A success for the suborbital test of the Indian rocket GSLV Mk. 3

The GSLV Mk. 3 rocket on the launch platform (Photo courtesy ISRO. All rights reserved)
The GSLV Mk. 3 rocket on the launch platform (Photo courtesy ISRO. All rights reserved)

A few hours ago ISRO, the Indian space agency, carried out the first test launch of the new carrier rocket Geosynchronous Satellite Launch Vehicle Mark III, also known simply as GSLV-III, LVM3 or GSLV Mk. 3. This test lasted about twenty minutes since it was only a suborbital flight. The result is a success though the analyzes of the recorded data and the CARE capsule will be made later.

The GSLV Mk. 3 carrier rocket mustn’t be confused with the GSLV successfully launched at the beginning of 2014. Both rockets are designed to carry cargos up to geosynchronous orbit but between the two of them there are several differences. The GLSV is an evolution of the old carrier rocket PSLV with the addition of liquid propellant boosters and above all a fourth cryogenic stage. The development of the latter was complex and that’s the reason why this rocket is still in its experimental stage. The GSLV Mk. 3 rocket has a core stage that uses liquid propellant instead of solid, two very large solid propellant boosters and a cryogenic upper stage.

The way the GSLV Mk. 3 works during the launch is unusual, even compared to other Indians launchers. In fact, generally the first stage is the core stage, constituted by the lower part of the rocket and the possible booster used to ensure an extra thrust. In this case however the boosters are so big because they constitute the first stage and are the only ones to provide thrust at take-off and the first part of the flight. The core stage is the second stage so it’s not ignited at take-off but only after the exhaustion of the boosters fuel.

This was a suborbital test in which the upper stage that consists of the cryogenic stage wasn’t activated because it’s still under development. The delays with various launch failures of various versions of the previous GSLV model rocket caused a slowdown in the testing program of the GSLV Mk. 3. ISRO plans to complete and test the version of the cryogenic stage for the new carrier rocket during 2015.

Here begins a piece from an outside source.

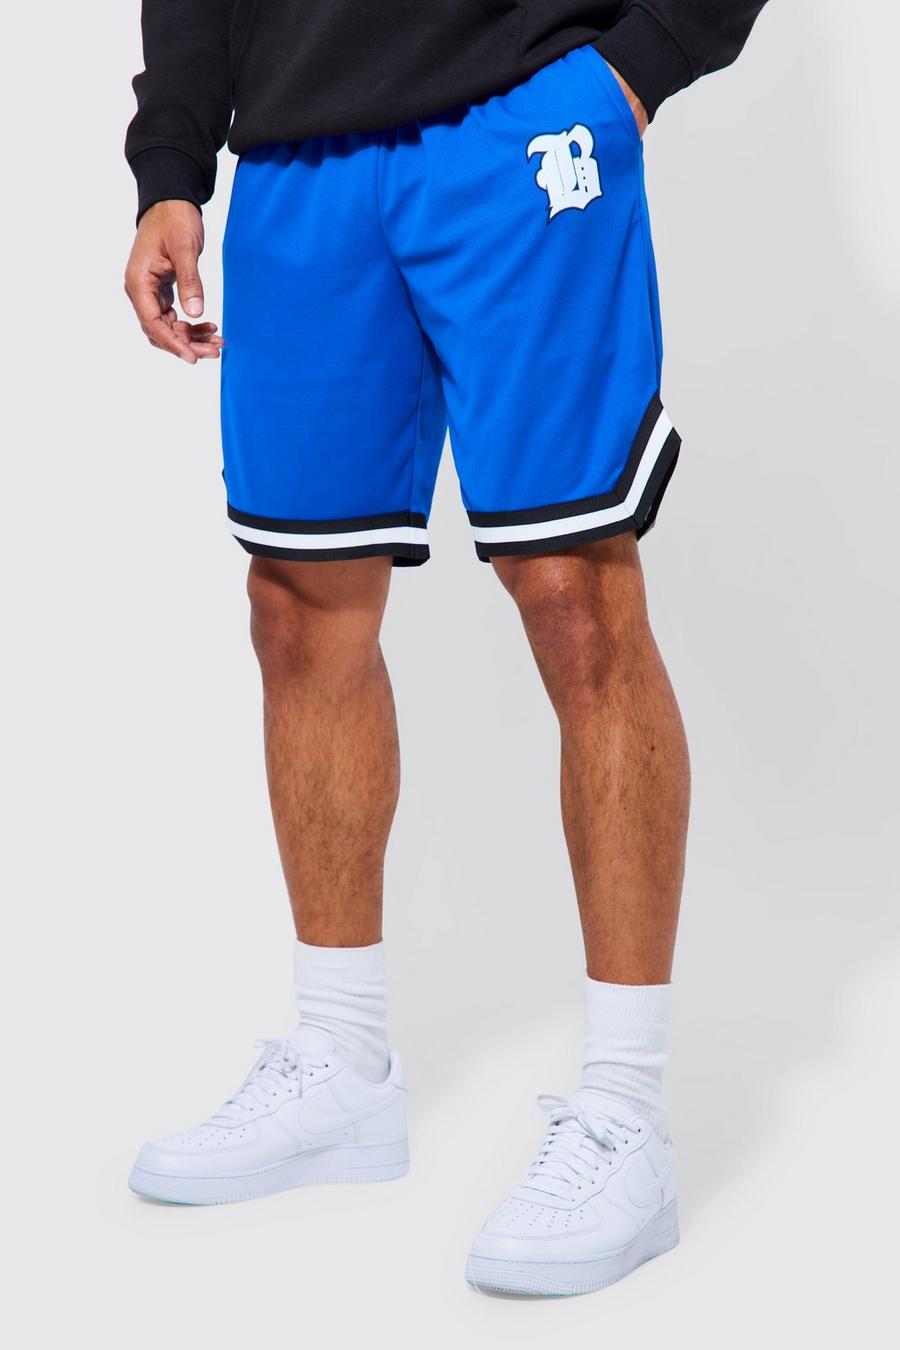 Lockere mittellange Basketball-Shorts, Royal blau

Putting the GSLV Mk. 3 rocket into operation will enable India to launch satellites to geostationary orbit expanding the launch services offered by ISRO in a market that is very rich and expanding. However, stimulated by the rivalry with China, India has started developing a manned space program as well. For this reason, in this test the cargo was a CARE (Crew Module Atmospheric Re-entry Experiment), a test vehicle of the orbital vehicle prototypes under development by ISRO to bring its astronauts in orbit.

The purpose was to test the systems for CARE’s reentry. This spaceship that looks similar to the American Mercury was slowed down by a parachute system to its splashdown in the Bay of Bengal. From this point of view, the test was similar to that of the Orion spacecraft carried out in recent days by NASA.

Now ISRO must complete the development of the cryogenic stage to be able to carry out a full test of the GSLV Mk. 3 rocket. Concerning the manned program, the situation is more complicated because it’s not clear when the necessary technologies will be ready. If things go well, the first Indian astronauts could fly in the next decade.